After normalizing NBER indices to the high of 2024M03, we obtain Figure 1:
Figure 1: Manufacturing and trade sales in Ch.2017$ (black), monthly GDP in Ch.2017$ (pink), GDP (blue bars), nonfarm payroll (NFP) employment from CES (bold blue), civilian employment (orange),
industrial production (red), and personal income excluding current transfers in Ch.2017$ (bold green). All log normalized to 2023M04=0. Sources: Federal Reserve, S&P Global Market Insights (formerly
Macroeconomic Advisers, IHS Market) (8/1/2024 release), BLS via FRED, BEA 2024Q2 advance report, and author’s calculations.

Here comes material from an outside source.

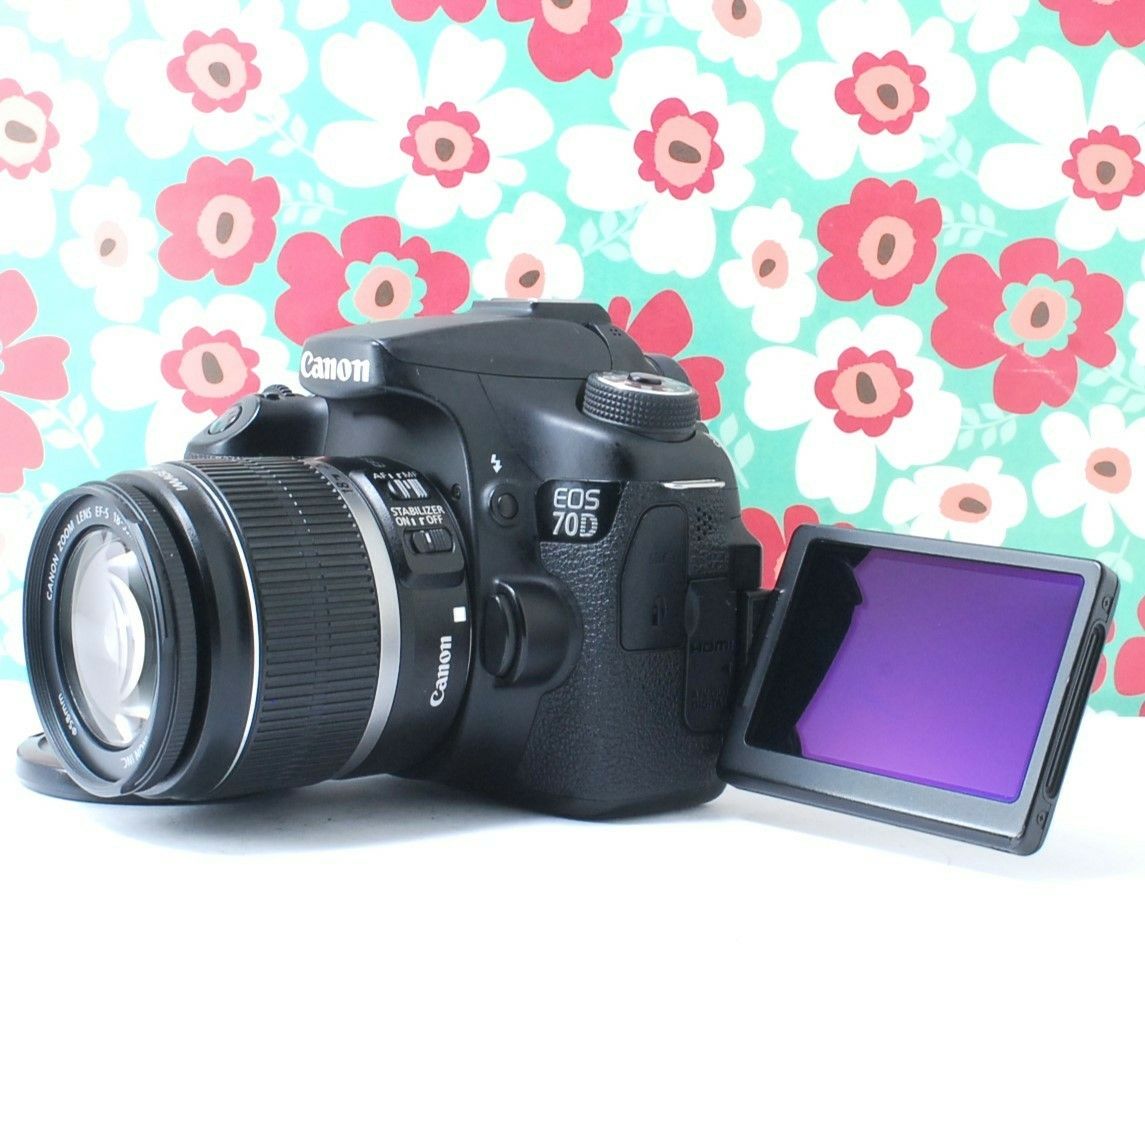 Wi-Fi＆自撮り Canon EOS 70D 高性能デジタル一眼レフカメラ 秋冬の

Additionally, substitute indicators:
Figure 2: Manufacturing production (red), retail sales (black), vehicle miles traveled (light blue), Coincident Index (light pink), GDO (blue bars), civilian employment adjusted to NFP concept (orange), and nonfarm payroll (NFP) employment (Philadelphia Fed early benchmark, bold blue).

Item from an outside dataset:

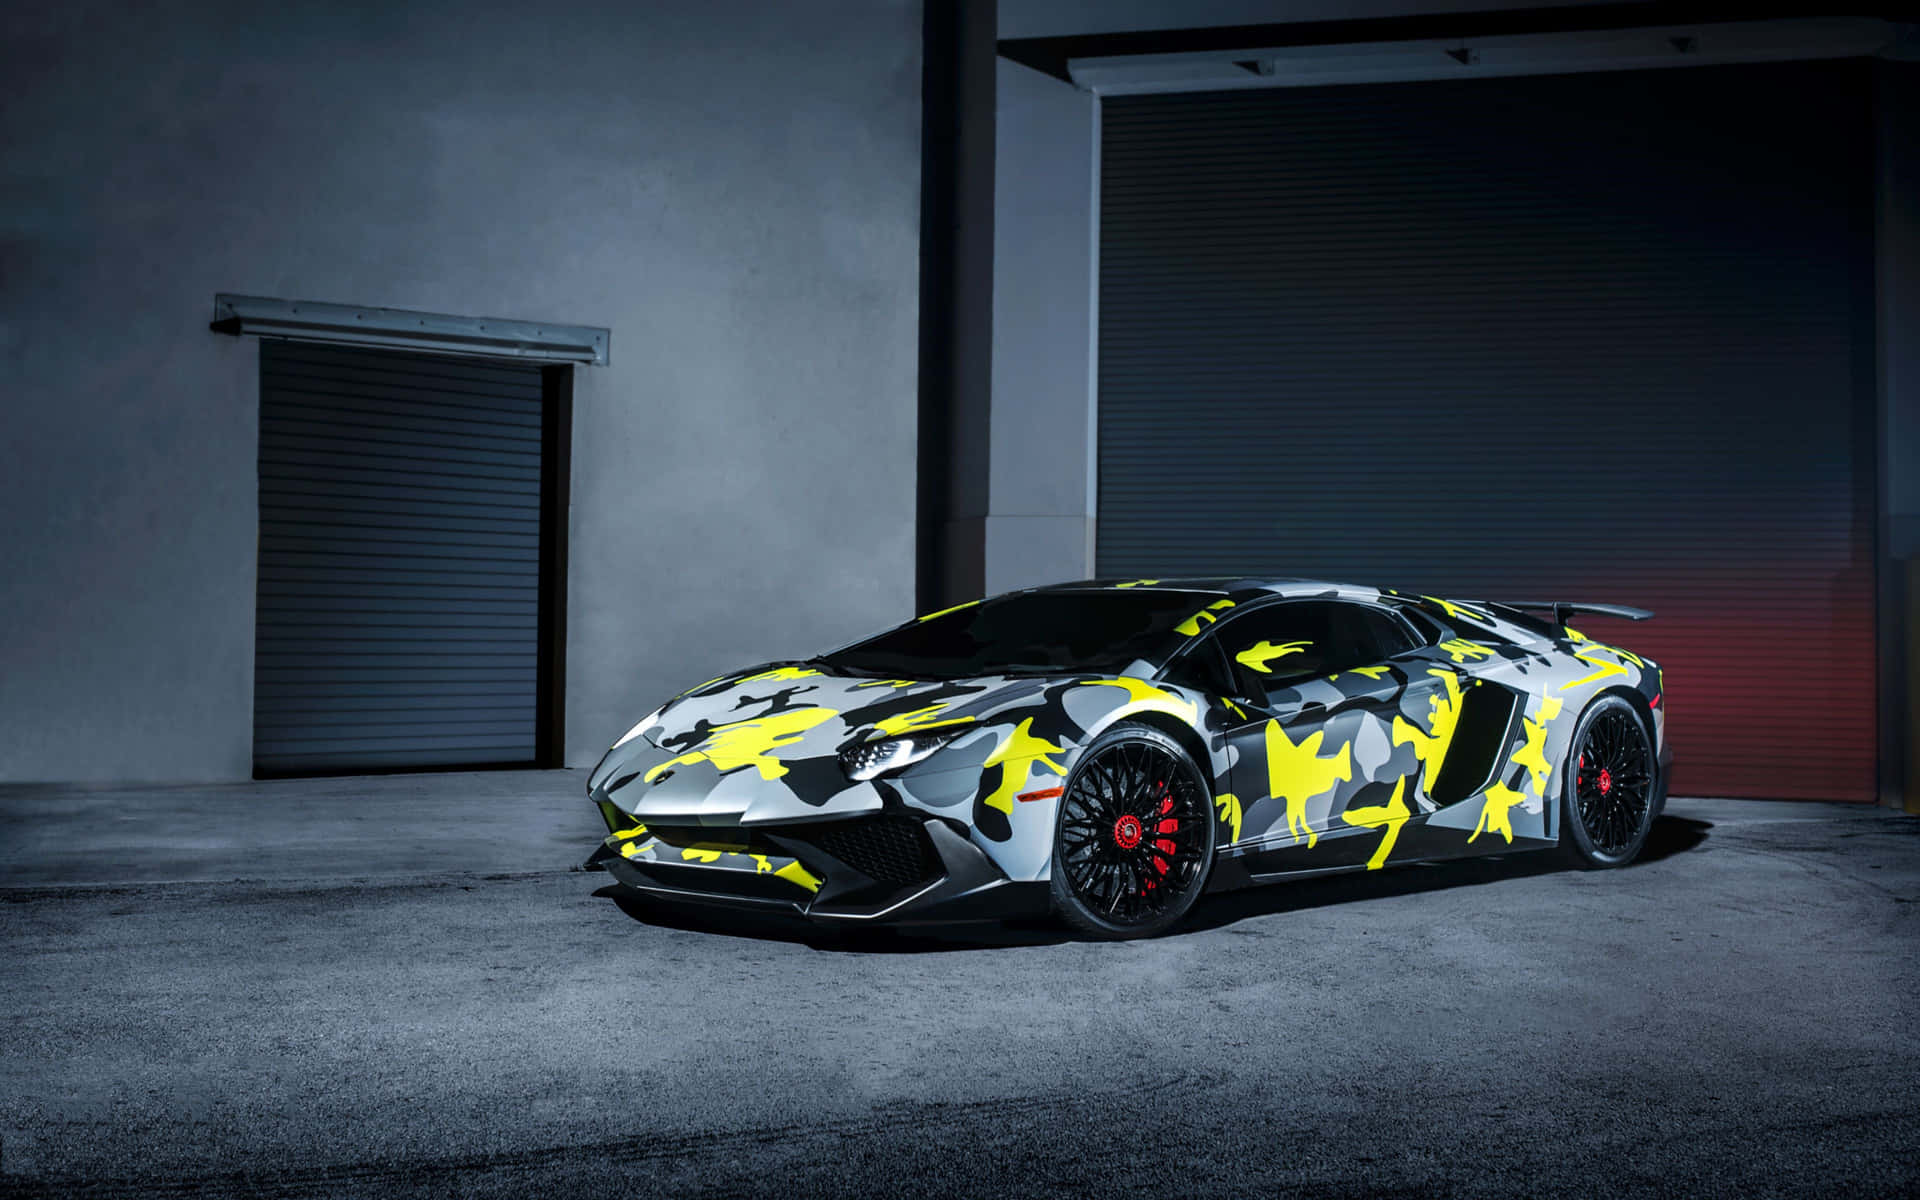 Revving Up Fun Behind the Wheel - Cool Lamborghini Wallpaper
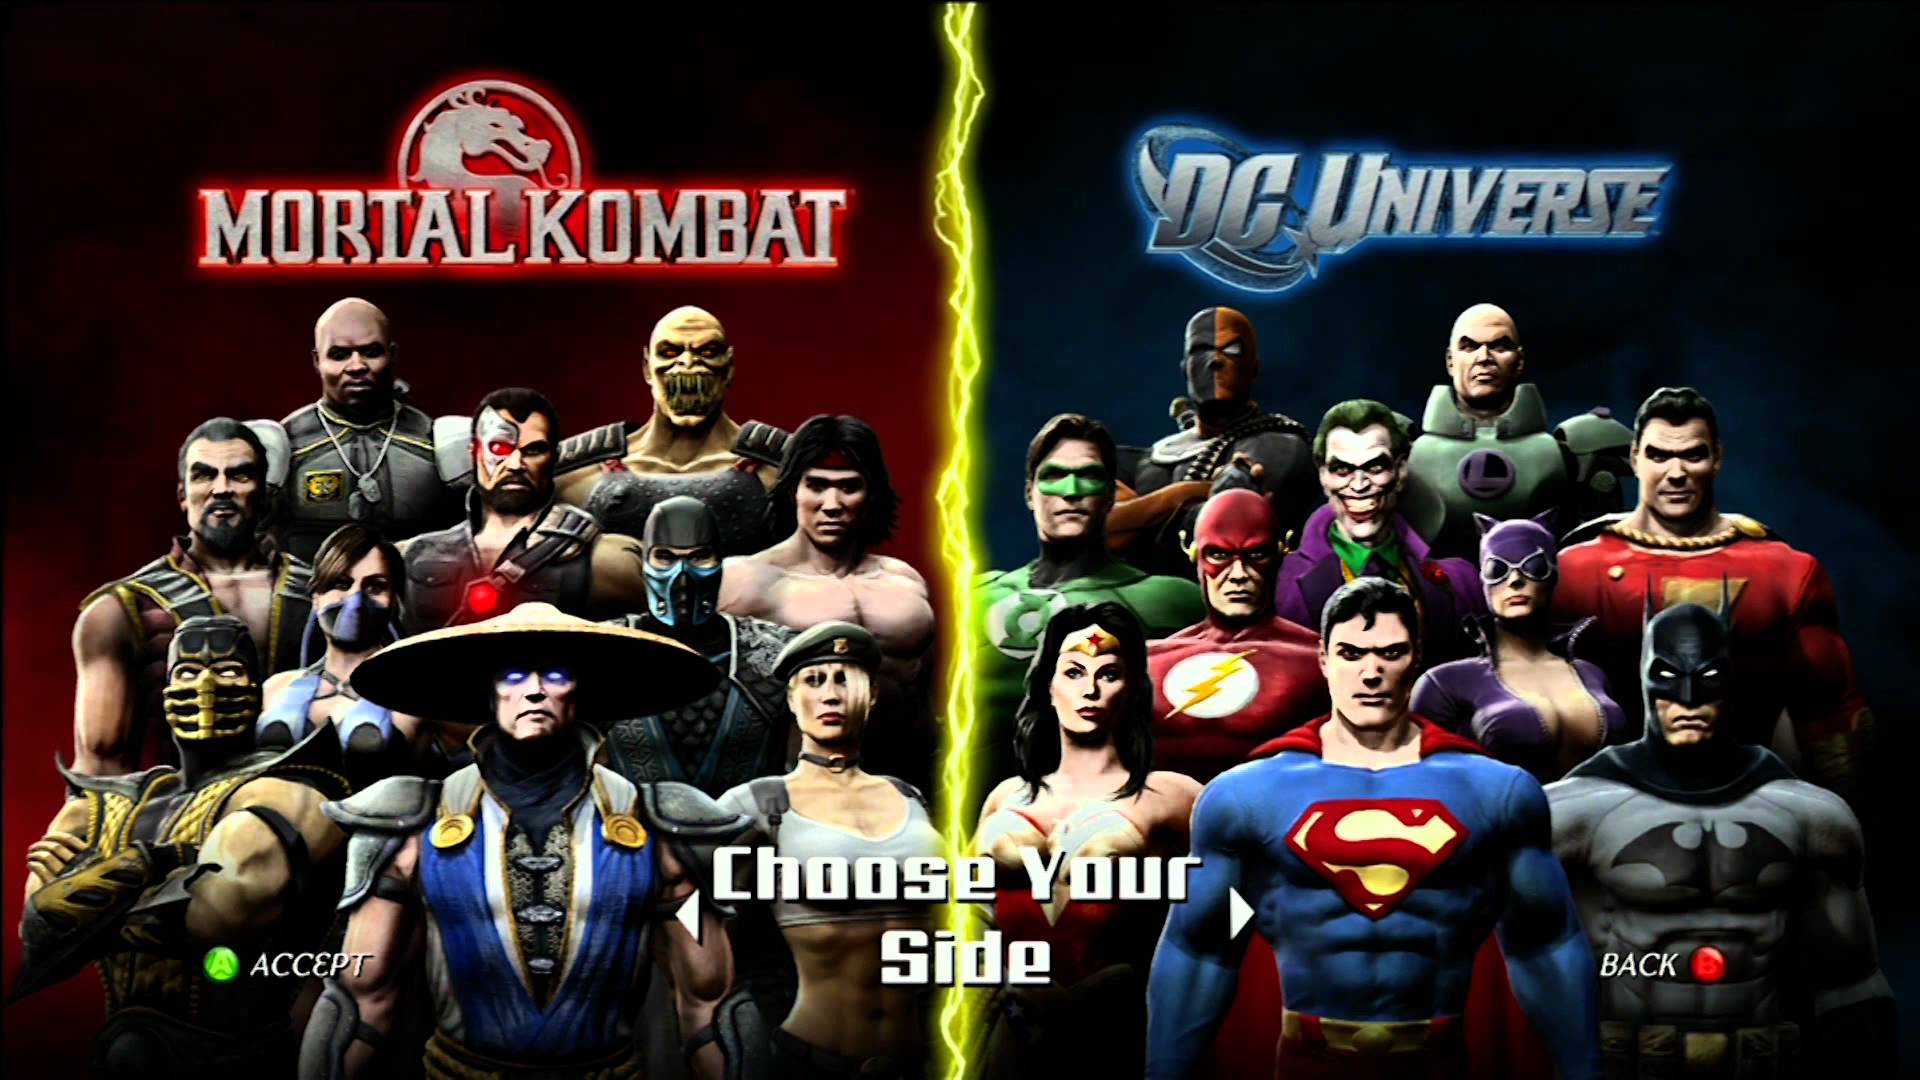 Let's Dub Mortal Kombat vs DC Universe Your Side!

All data are log normalized to 2023M04=0. GDI was utilized to estimate the GDO for 2024Q2 by applying GDP, lagged surplus, lagged differenced surplus, and 2021Q1–2024Q1 to anticipate the net operating surplus for 2024Q2.Source:
Author’s calculations and BLS via FRED, Federal Reserve, BEA 2024Q2 advance release, Philadelphia Fed. While all of these series will undoubtedly be revised to varied degrees, GDP is the one that is most vulnerable, which is why NBER’s BCDC gives it the least weight.